**What the task asks:** Every record below must come back exactly as given.

[Data records]
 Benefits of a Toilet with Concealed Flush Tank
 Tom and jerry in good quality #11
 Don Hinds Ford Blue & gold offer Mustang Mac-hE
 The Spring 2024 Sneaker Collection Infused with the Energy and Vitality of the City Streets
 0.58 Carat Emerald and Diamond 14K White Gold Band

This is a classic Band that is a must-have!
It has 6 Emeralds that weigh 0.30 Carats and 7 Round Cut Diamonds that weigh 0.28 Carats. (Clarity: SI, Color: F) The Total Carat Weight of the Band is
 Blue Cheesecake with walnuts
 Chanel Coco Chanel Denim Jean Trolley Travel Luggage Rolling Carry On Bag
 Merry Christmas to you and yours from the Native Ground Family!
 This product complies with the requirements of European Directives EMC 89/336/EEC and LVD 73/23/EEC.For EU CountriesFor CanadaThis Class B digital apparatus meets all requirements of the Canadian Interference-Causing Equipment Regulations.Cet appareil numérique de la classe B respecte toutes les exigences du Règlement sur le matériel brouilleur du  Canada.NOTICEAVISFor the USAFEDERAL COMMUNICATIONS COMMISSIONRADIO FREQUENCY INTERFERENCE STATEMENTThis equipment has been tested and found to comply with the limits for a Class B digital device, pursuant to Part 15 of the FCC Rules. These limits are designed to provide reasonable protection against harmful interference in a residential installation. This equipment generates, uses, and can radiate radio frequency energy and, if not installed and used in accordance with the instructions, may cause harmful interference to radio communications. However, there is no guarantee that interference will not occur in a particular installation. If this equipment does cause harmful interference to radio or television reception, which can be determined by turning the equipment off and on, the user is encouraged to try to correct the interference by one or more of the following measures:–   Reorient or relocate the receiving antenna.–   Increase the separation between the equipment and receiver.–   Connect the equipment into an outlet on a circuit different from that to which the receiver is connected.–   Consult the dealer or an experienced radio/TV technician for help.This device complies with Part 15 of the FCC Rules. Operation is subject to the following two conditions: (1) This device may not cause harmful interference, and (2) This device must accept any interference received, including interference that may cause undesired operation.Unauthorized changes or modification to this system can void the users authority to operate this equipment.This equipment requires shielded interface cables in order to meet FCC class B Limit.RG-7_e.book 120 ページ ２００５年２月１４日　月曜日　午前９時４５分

**Answer box:**
 Benefits of a Toilet with Concealed Flush Tank
 Tom and jerry in good quality #11
 Don Hinds Ford Blue & gold offer Mustang Mac-hE
 The Spring 2024 Sneaker Collection Infused with the Energy and Vitality of the City Streets
 0.58 Carat Emerald and Diamond 14K White Gold Band

This is a classic Band that is a must-have!
It has 6 Emeralds that weigh 0.30 Carats and 7 Round Cut Diamonds that weigh 0.28 Carats. (Clarity: SI, Color: F) The Total Carat Weight of the Band is
 Blue Cheesecake with walnuts
 Chanel Coco Chanel Denim Jean Trolley Travel Luggage Rolling Carry On Bag
 Merry Christmas to you and yours from the Native Ground Family!
 This product complies with the requirements of European Directives EMC 89/336/EEC and LVD 73/23/EEC.For EU CountriesFor CanadaThis Class B digital apparatus meets all requirements of the Canadian Interference-Causing Equipment Regulations.Cet appareil numérique de la classe B respecte toutes les exigences du Règlement sur le matériel brouilleur du  Canada.NOTICEAVISFor the USAFEDERAL COMMUNICATIONS COMMISSIONRADIO FREQUENCY INTERFERENCE STATEMENTThis equipment has been tested and found to comply with the limits for a Class B digital device, pursuant to Part 15 of the FCC Rules. These limits are designed to provide reasonable protection against harmful interference in a residential installation. This equipment generates, uses, and can radiate radio frequency energy and, if not installed and used in accordance with the instructions, may cause harmful interference to radio communications. However, there is no guarantee that interference will not occur in a particular installation. If this equipment does cause harmful interference to radio or television reception, which can be determined by turning the equipment off and on, the user is encouraged to try to correct the interference by one or more of the following measures:–   Reorient or relocate the receiving antenna.–   Increase the separation between the equipment and receiver.–   Connect the equipment into an outlet on a circuit different from that to which the receiver is connected.–   Consult the dealer or an experienced radio/TV technician for help.This device complies with Part 15 of the FCC Rules. Operation is subject to the following two conditions: (1) This device may not cause harmful interference, and (2) This device must accept any interference received, including interference that may cause undesired operation.Unauthorized changes or modification to this system can void the users authority to operate this equipment.This equipment requires shielded interface cables in order to meet FCC class B Limit.RG-7_e.book 120 ページ ２００５年２月１４日　月曜日　午前９時４５分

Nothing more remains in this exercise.